To do all this massive computing for visual recognition and indices we have introduced a new search engine core on Banzai Solr. Solr is the open source search engine we use. It is 50 times more powerful than our last Solr version. These are things we do that are totally transparent to the users but allow us to bring new or better features to the market.
Next year I hope to have a resource for the trade. If you are a homeowner and you have a lamp with a shade that needs to be repaired, I want people to be able to use WorthPoint to find a good place to have that done.
Our data partners’ live inventory may already be in our system for buyers to see by the time this publication is available.

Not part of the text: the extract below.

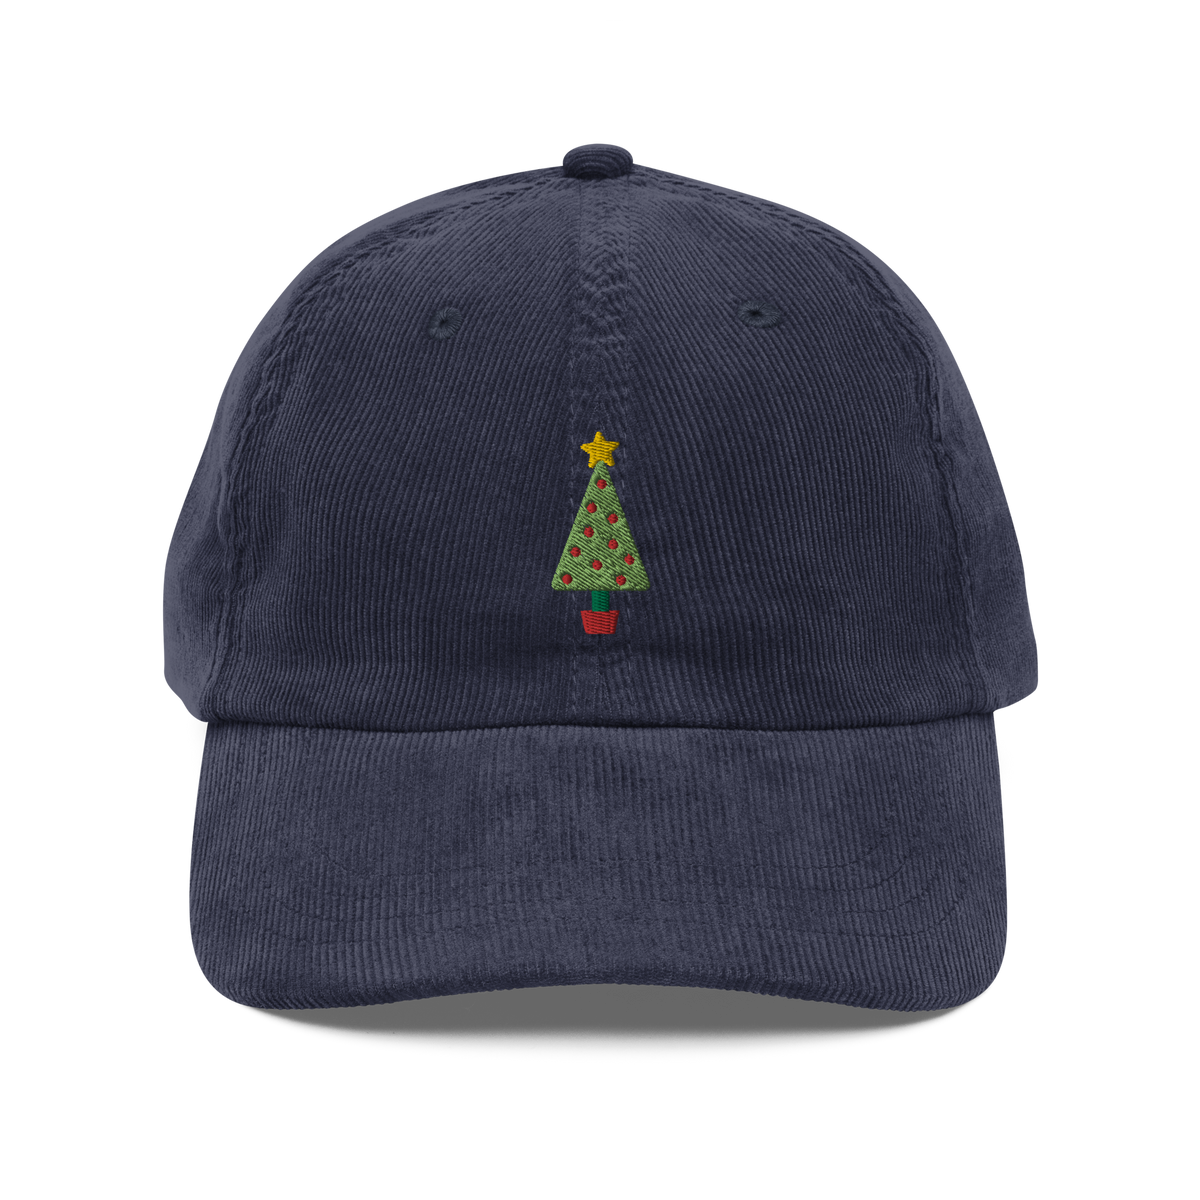 Christmas Tree Corduroy Hat
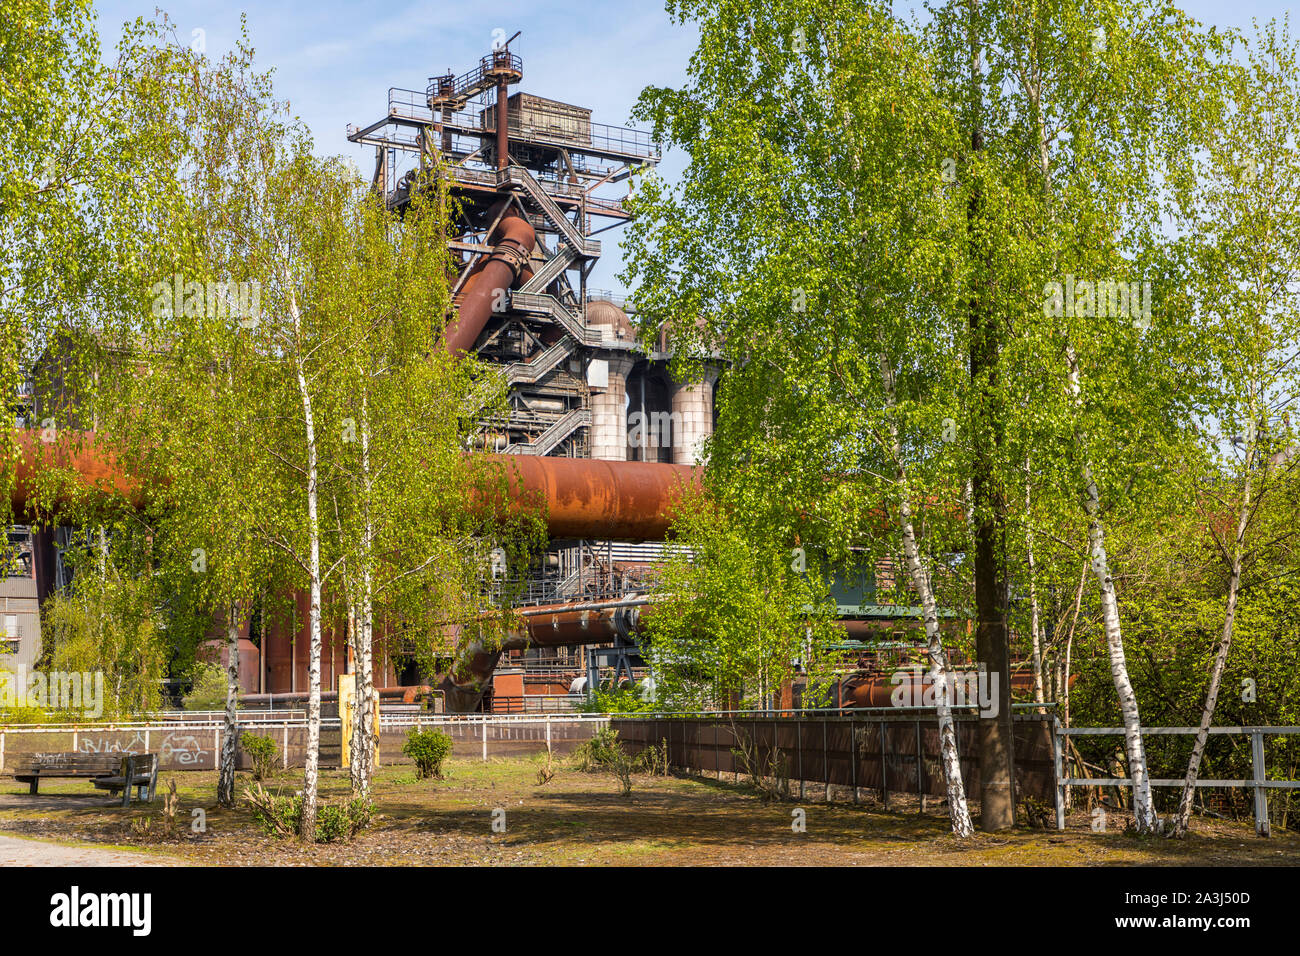 Duisburg Landscape Park, North, former steel mill, in Duisburg Meidrich, blast furnace 5, Germany Stock Photo

That is historic as traditionally we have only had realized prices. Our users also want to buy things and now they can find similar “Live Lots” from our partners and go directly there to buy. This service is free to our partners and another reason our data partners want an open market to their data. Transparency is good for the domain. With Geopositioning or tracking where the user is vs an item, we can tell you there is an estate or bricks and mortar auction on an item you collect, or are looking for, right around the corner.
Who are your partners?
MaxSold, eBay and Caring transitions on the household side. They are all great companies and slightly differing marketplaces. We have another household company in the United Kingdom as a partner that we should not forget about, called Cash Cow. MaxSold is in Canada and the United States. Caring Transitions is also in the US and of course eBay is around the globe.
We also have bricks and mortar auction partners. Hindman and iGavel have possibly been with us the longest. We have some big and small partnerships on the side that include the Salvation Army and the Center for the Blind in Las Vegas. Lastly, we have service partnerships that include Global Authentics for autographs.
We will be adding to our partnering over the coming year and usually add one to two partners a week on the price guide. The biggest advantage to the price guide partner is to gain the advantage of our reach for awareness and sales of their live inventory. They will also gain reach into the homeowners for supply of product through that awareness and the vault usage. They also are able to be on the calendar for events and show their customers they are for open and transparent data in the industry. Lastly, we do not permit nonparticipating companies to advertise on the site.
Do you have plans to go into the NFT game?
No, we have no plans to do so as I think that they are a fad and it is too early.
Are there things on the site that are popular searches?
We do not work on normal statistics and a normal distribution of traffic. This means we are “long tail” and work off of obscure terms and there are generally not a lot of people coming to one page or item. When they do, they generally are driven by media events that are outside of WorthPoint by cable channels or sites like Reddit. For example, a Taino vomit stick was a popular search one month as it was used as a murder instrument on a cable show. I had to look it up to figure out what it was, but it was apparently a stick a witch doctor uses to induce vomiting. You’d be surprised at what people are looking at; it’s not necessarily bad, just odd things. We struggle to keep some things off the site, but people get pretty creative.
Adult content and what is considered objectionable content by some. It is a tough line to draw and arbitrate as we like to allow on the site whatever history and people think has merit. Occasionally we will take things off, and we also have age appropriate tools or have to make pages unavailable for search engine crawlers. The latter would be in the case of things like firearms and alcohol.